### WHAT YOU HAVE TO DO
Look below for the line with "Magift蓝牙耳机品牌Logo设计_2943741_k68威客网", then give it again exactly, along with every line that comes after it, the final line included.

Start of DATA RECORDS

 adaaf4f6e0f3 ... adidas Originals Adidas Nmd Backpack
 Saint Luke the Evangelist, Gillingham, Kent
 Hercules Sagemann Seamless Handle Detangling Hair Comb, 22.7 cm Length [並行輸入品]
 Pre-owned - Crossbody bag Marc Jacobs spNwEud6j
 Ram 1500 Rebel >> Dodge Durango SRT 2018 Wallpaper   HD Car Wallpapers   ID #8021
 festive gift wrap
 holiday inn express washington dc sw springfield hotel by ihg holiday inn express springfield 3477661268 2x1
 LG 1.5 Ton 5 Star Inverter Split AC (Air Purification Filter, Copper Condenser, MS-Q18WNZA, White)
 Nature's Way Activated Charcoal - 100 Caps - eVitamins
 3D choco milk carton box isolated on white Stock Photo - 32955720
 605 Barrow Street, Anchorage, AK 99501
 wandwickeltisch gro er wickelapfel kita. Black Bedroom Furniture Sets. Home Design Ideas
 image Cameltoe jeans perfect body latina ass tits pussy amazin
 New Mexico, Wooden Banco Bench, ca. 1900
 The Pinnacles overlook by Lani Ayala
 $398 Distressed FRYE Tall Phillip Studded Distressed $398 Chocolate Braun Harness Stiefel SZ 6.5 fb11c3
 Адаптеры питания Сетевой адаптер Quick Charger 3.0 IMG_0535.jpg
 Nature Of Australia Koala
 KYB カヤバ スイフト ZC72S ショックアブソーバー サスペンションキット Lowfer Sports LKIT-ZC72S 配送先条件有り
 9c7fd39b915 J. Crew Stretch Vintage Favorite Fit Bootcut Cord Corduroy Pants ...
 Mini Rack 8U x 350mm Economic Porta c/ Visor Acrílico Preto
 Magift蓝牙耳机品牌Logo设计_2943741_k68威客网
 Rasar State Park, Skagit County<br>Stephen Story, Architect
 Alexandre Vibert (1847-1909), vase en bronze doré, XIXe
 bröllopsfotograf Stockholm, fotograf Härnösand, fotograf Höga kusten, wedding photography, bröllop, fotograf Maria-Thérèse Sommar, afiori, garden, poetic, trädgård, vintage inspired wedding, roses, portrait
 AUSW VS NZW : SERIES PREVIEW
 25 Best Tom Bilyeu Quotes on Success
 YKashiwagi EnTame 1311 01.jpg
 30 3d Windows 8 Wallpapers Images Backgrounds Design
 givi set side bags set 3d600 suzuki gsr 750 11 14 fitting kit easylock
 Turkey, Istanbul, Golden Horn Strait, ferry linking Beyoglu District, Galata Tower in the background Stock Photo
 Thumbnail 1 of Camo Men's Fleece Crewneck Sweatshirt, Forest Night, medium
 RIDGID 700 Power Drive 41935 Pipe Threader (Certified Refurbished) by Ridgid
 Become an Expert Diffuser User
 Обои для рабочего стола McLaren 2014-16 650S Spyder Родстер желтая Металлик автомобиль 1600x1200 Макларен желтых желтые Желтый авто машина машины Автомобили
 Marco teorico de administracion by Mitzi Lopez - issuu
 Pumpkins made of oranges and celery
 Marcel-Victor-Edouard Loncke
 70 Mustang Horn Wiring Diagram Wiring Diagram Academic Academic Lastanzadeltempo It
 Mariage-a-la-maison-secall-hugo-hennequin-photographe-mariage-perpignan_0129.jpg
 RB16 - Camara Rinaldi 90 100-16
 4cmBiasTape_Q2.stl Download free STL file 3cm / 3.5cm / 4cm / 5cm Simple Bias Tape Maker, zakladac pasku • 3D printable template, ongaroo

End of DATA RECORDS

### REPLY TO THE EXERCISE
 Magift蓝牙耳机品牌Logo设计_2943741_k68威客网
 Rasar State Park, Skagit County<br>Stephen Story, Architect
 Alexandre Vibert (1847-1909), vase en bronze doré, XIXe
 bröllopsfotograf Stockholm, fotograf Härnösand, fotograf Höga kusten, wedding photography, bröllop, fotograf Maria-Thérèse Sommar, afiori, garden, poetic, trädgård, vintage inspired wedding, roses, portrait
 AUSW VS NZW : SERIES PREVIEW
 25 Best Tom Bilyeu Quotes on Success
 YKashiwagi EnTame 1311 01.jpg
 30 3d Windows 8 Wallpapers Images Backgrounds Design
 givi set side bags set 3d600 suzuki gsr 750 11 14 fitting kit easylock
 Turkey, Istanbul, Golden Horn Strait, ferry linking Beyoglu District, Galata Tower in the background Stock Photo
 Thumbnail 1 of Camo Men's Fleece Crewneck Sweatshirt, Forest Night, medium
 RIDGID 700 Power Drive 41935 Pipe Threader (Certified Refurbished) by Ridgid
 Become an Expert Diffuser User
 Обои для рабочего стола McLaren 2014-16 650S Spyder Родстер желтая Металлик автомобиль 1600x1200 Макларен желтых желтые Желтый авто машина машины Автомобили
 Marco teorico de administracion by Mitzi Lopez - issuu
 Pumpkins made of oranges and celery
 Marcel-Victor-Edouard Loncke
 70 Mustang Horn Wiring Diagram Wiring Diagram Academic Academic Lastanzadeltempo It
 Mariage-a-la-maison-secall-hugo-hennequin-photographe-mariage-perpignan_0129.jpg
 RB16 - Camara Rinaldi 90 100-16
 4cmBiasTape_Q2.stl Download free STL file 3cm / 3.5cm / 4cm / 5cm Simple Bias Tape Maker, zakladac pasku • 3D printable template, ongaroo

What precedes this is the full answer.